__Raw data__:

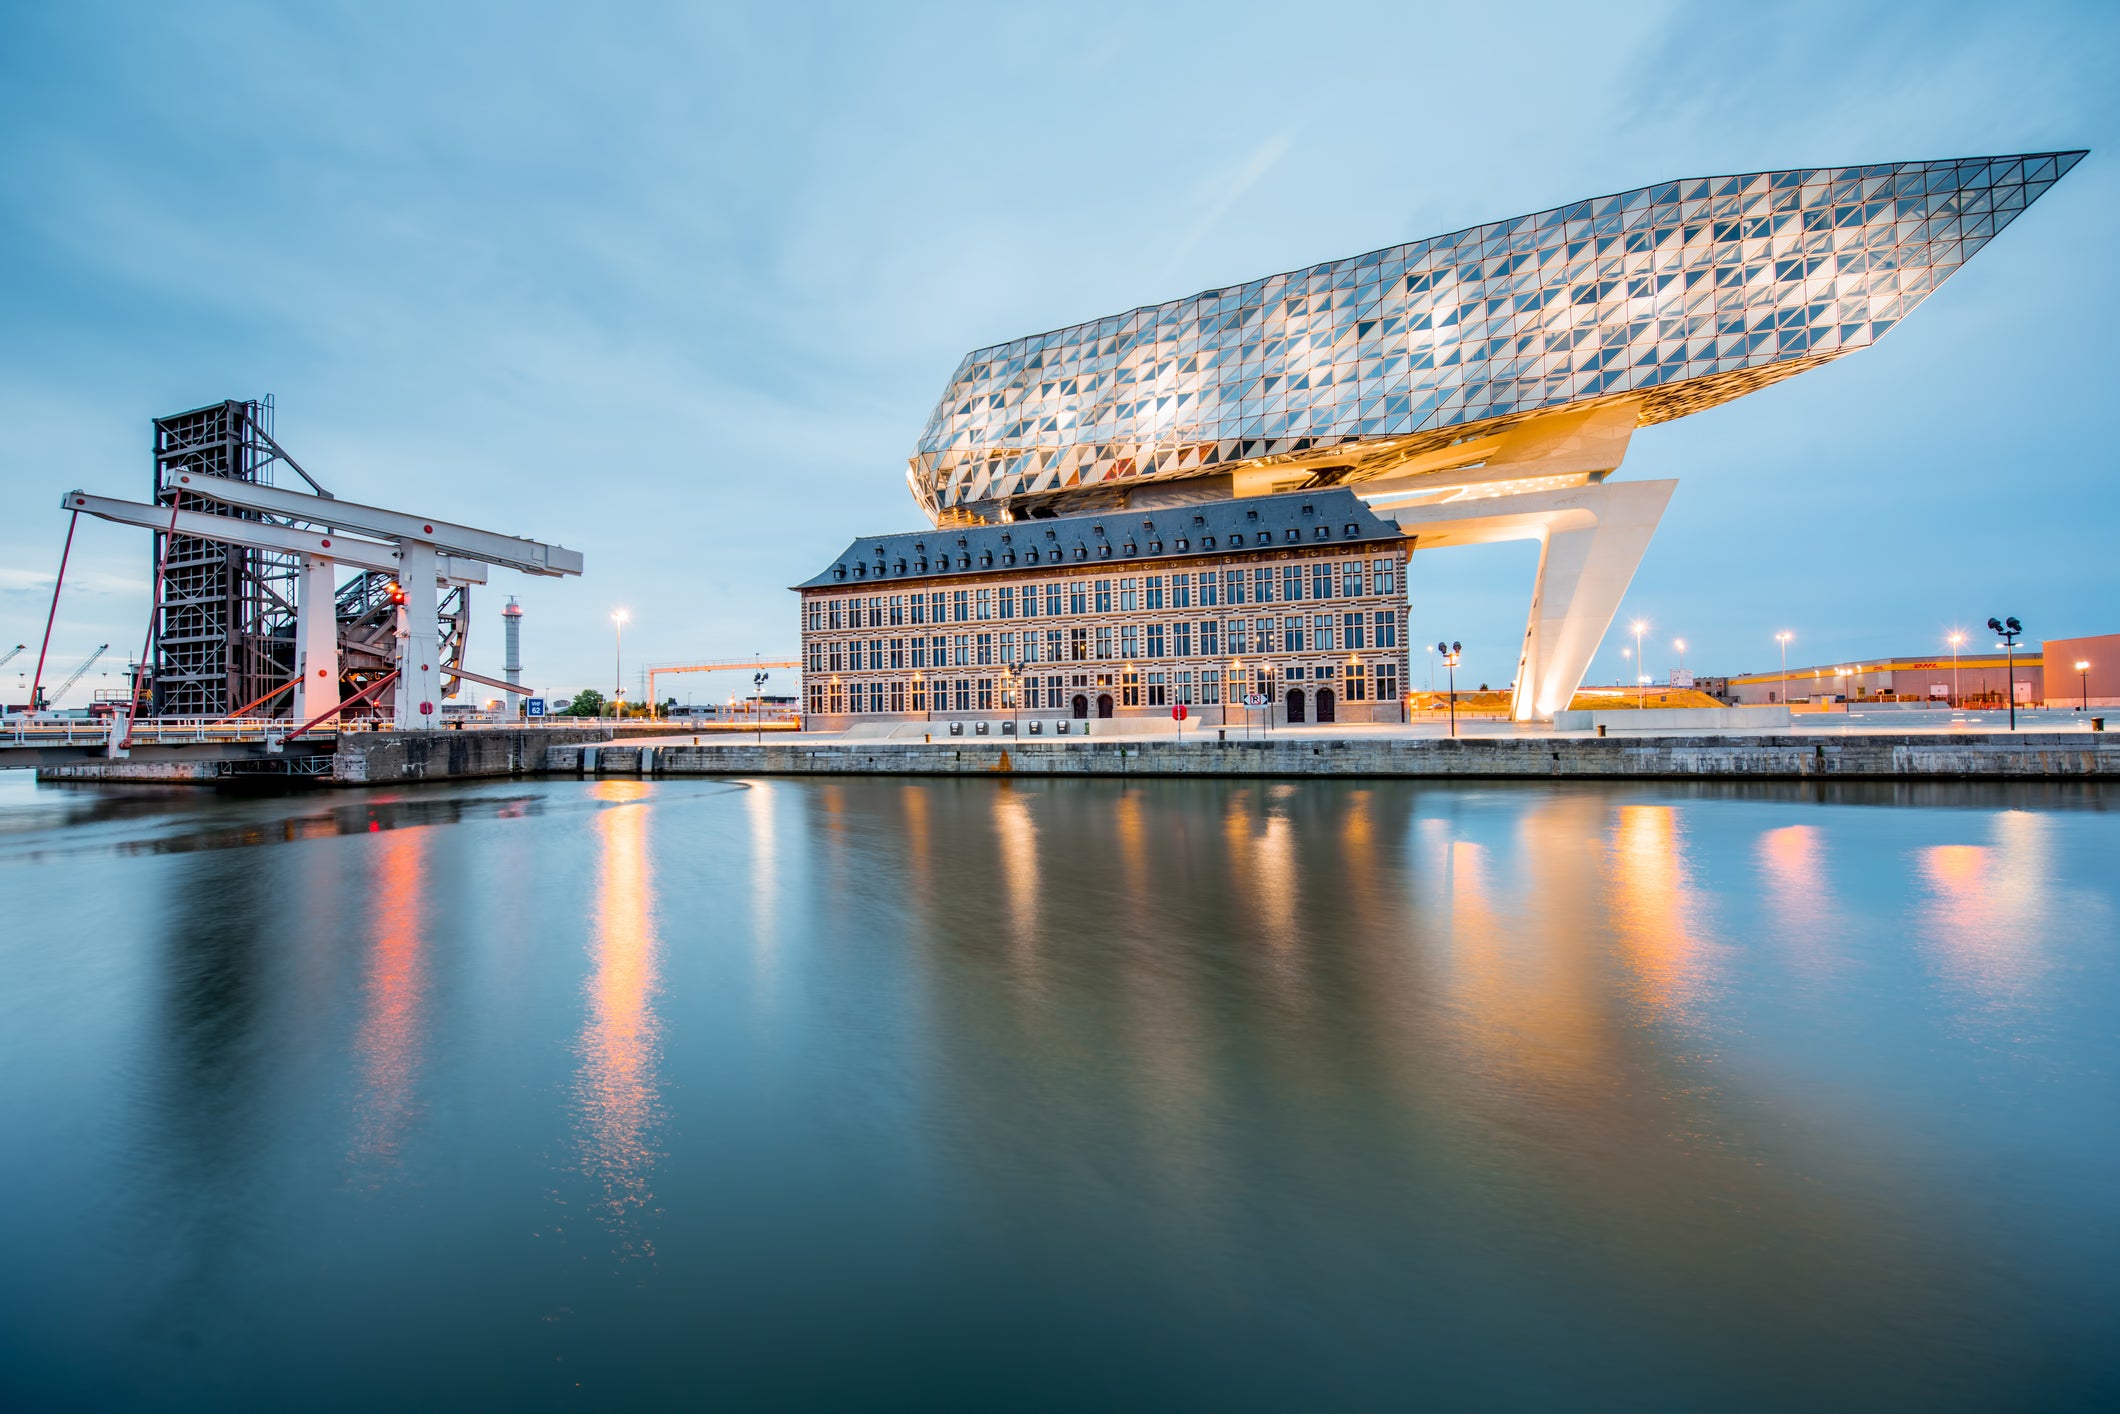 Antwerp’s Port House was designed by the late Zaha Hadid (Getty)
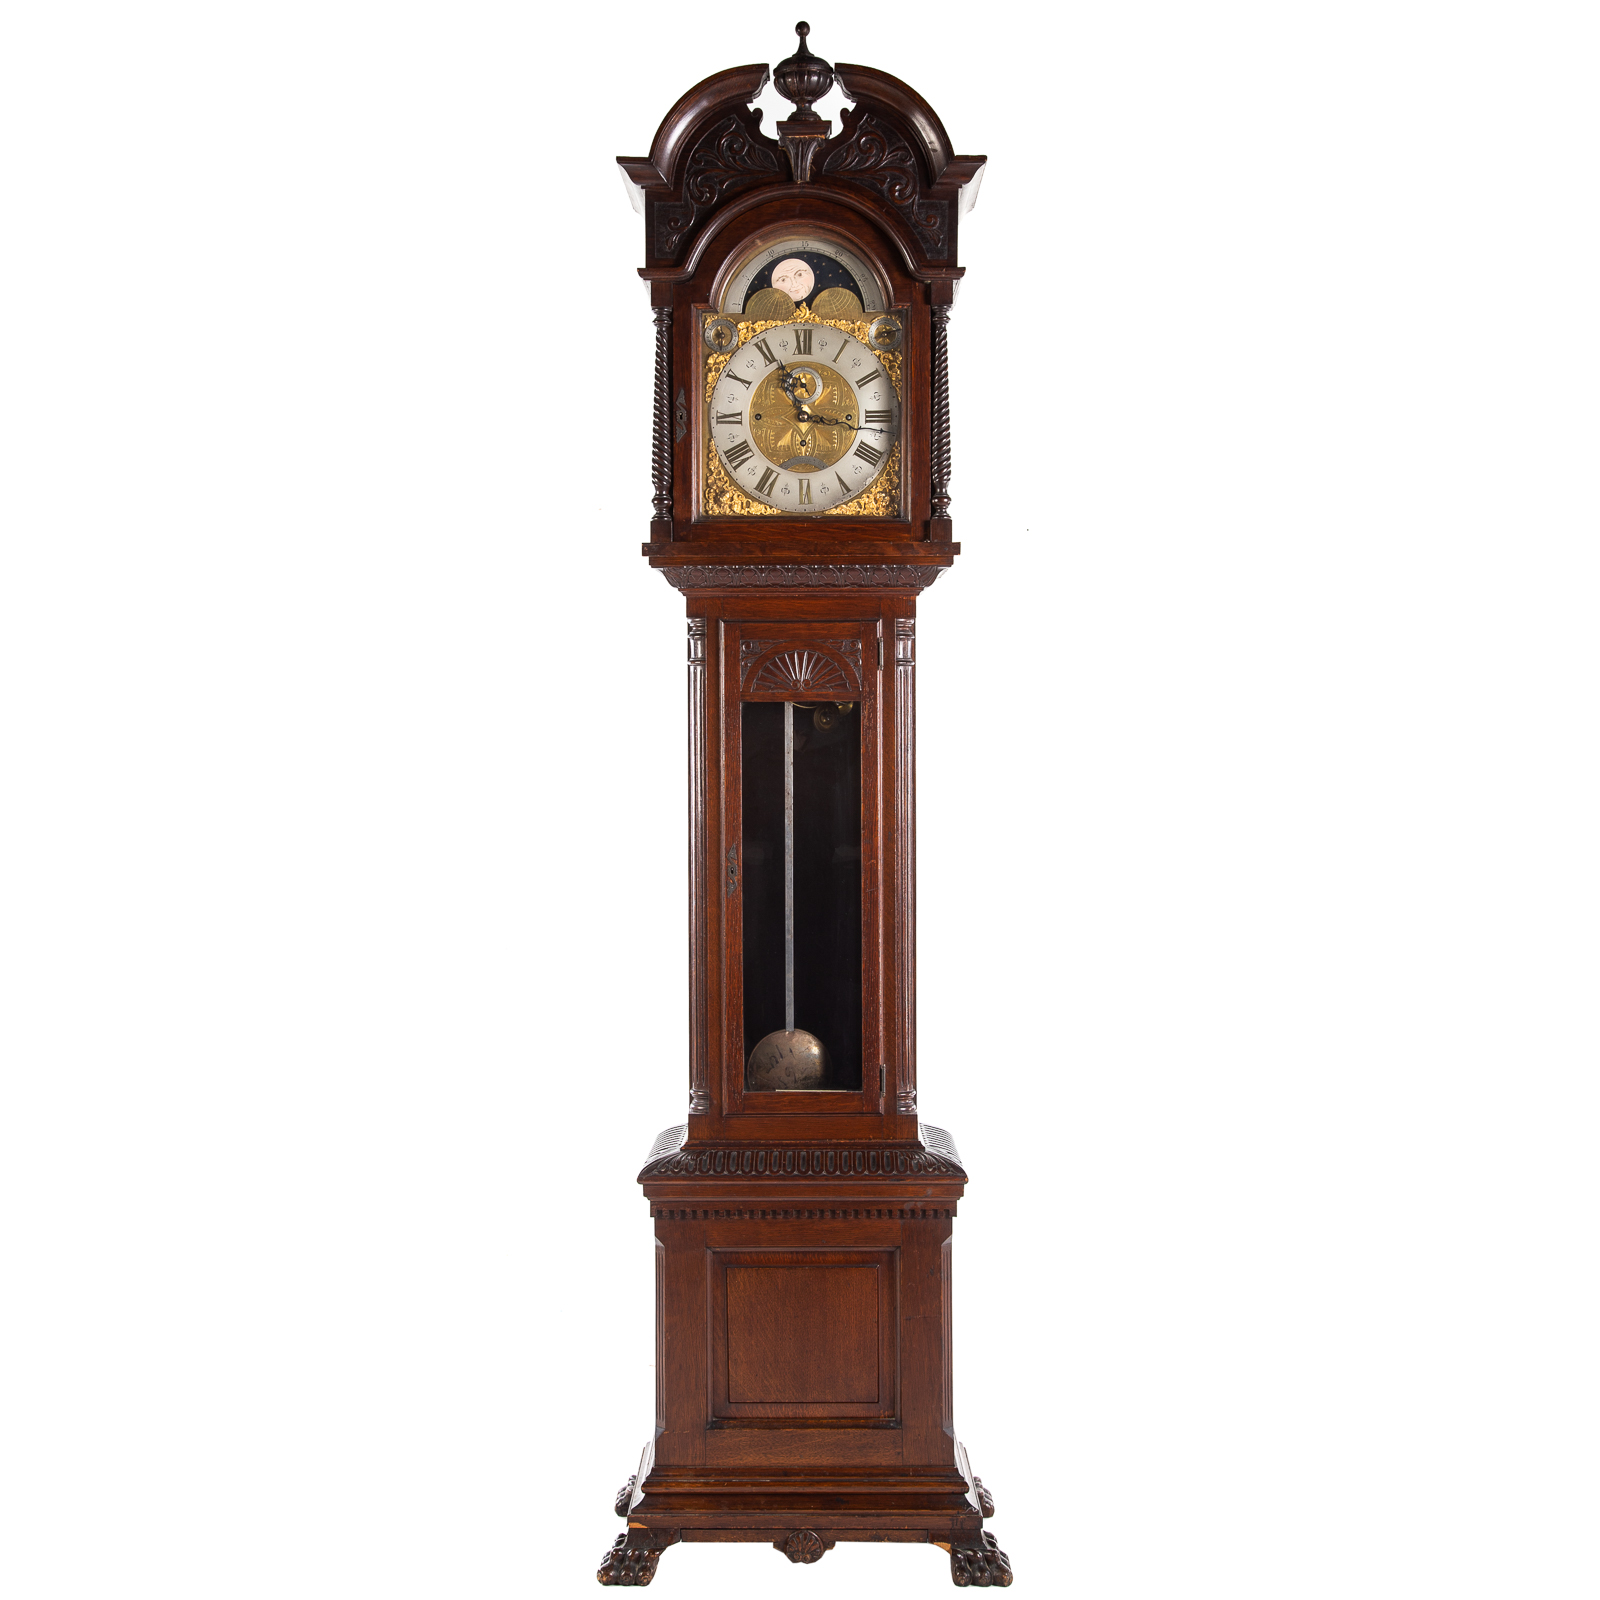 CHIPPENDALE STYLE OAK TALL CASE 29db0d
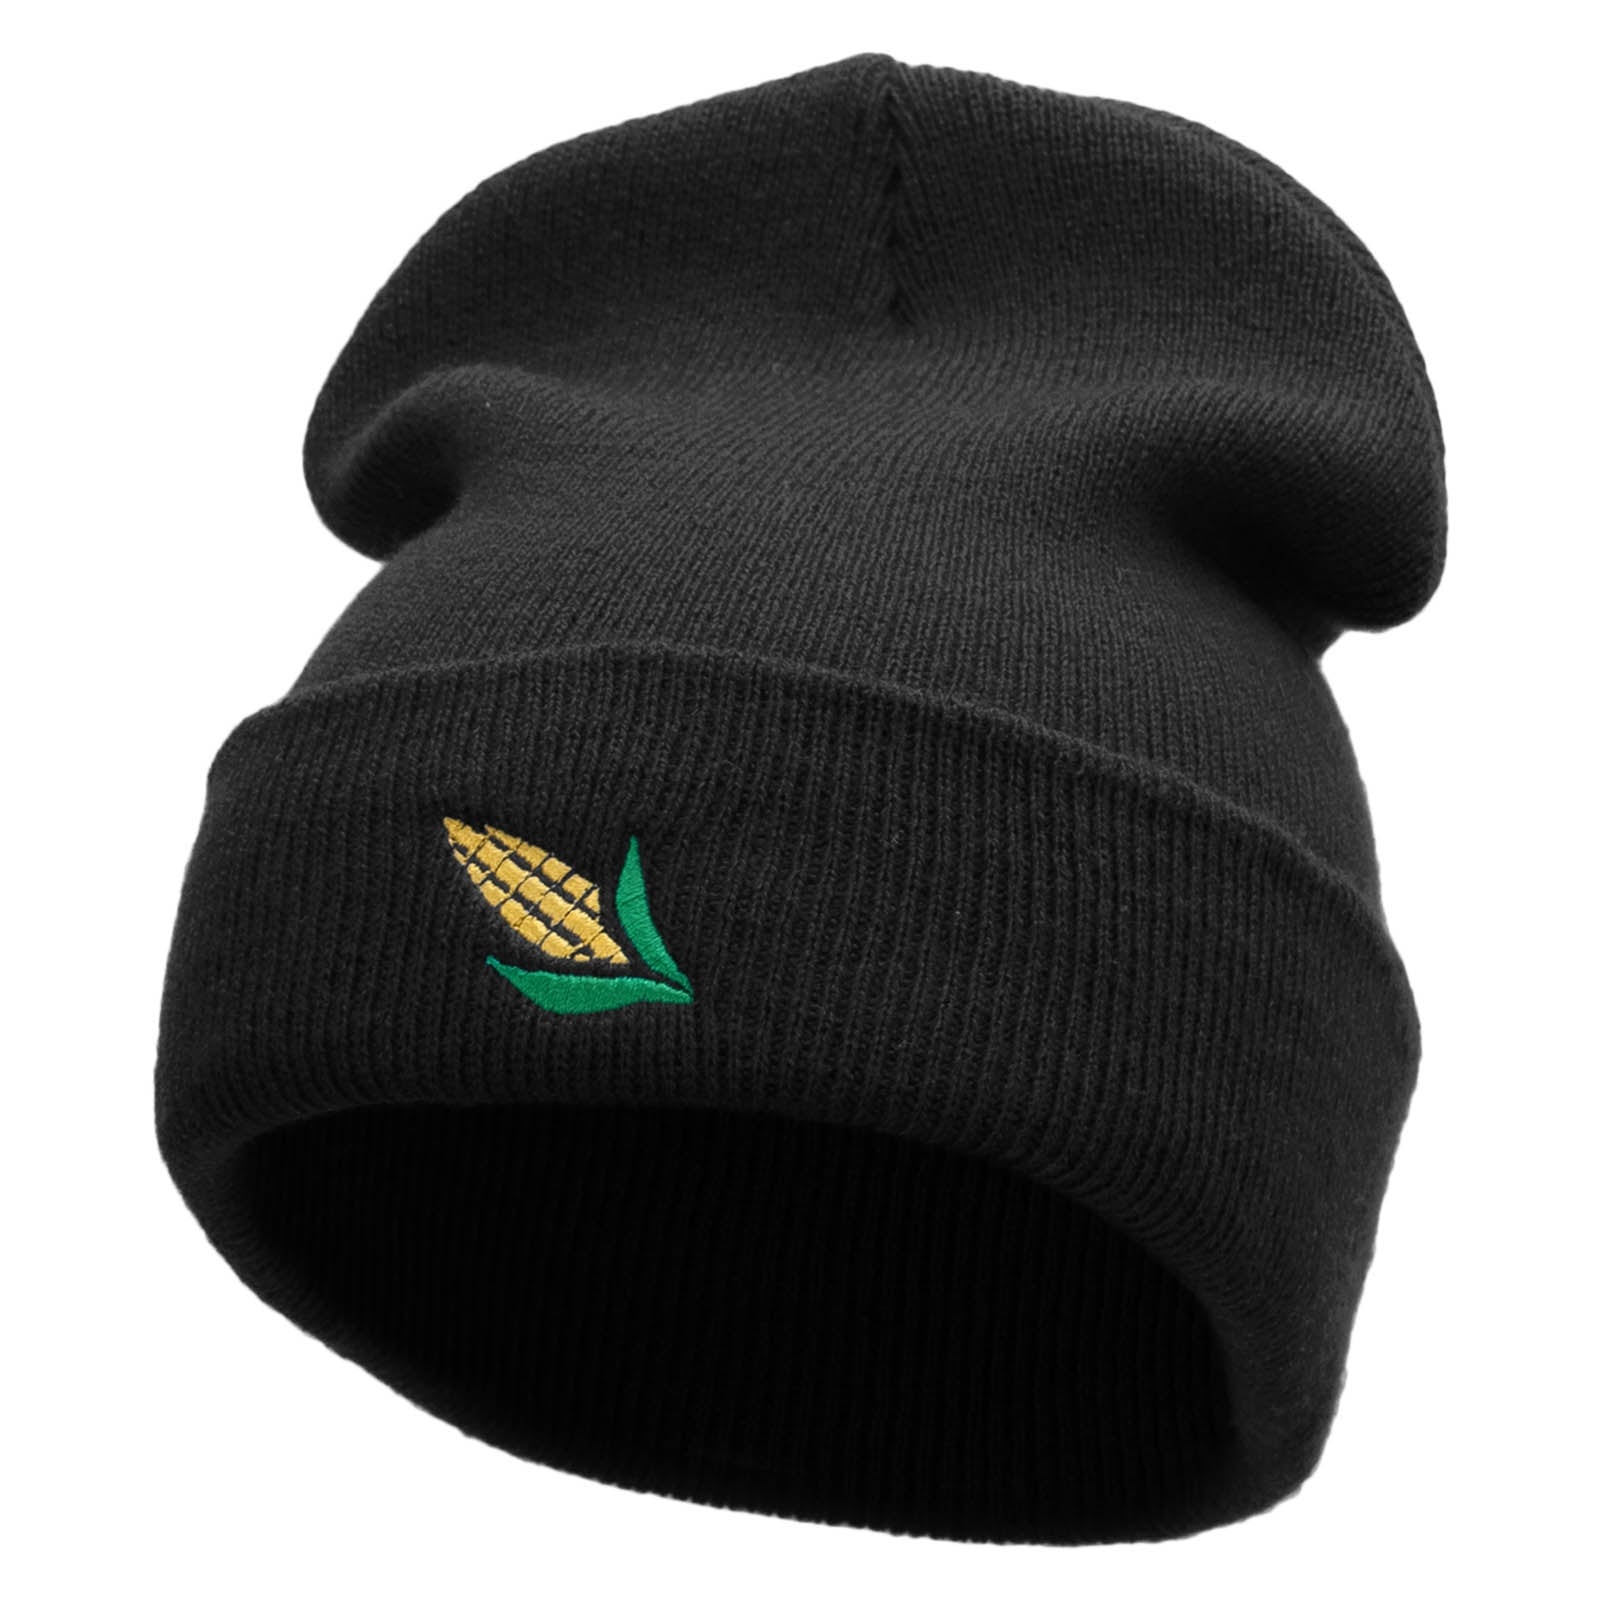 Corn Cob Embroidered 12 Inch Solid Long Beanie Made in USA - Black OSFM

__Directions for this task__:
Print the listing exactly. No pictures belong in the copy.

__Expected answer__:
 Antwerp’s Port House was designed by the late Zaha Hadid (Getty)
 CHIPPENDALE STYLE OAK TALL CASE 29db0d
 Corn Cob Embroidered 12 Inch Solid Long Beanie Made in USA - Black OSFM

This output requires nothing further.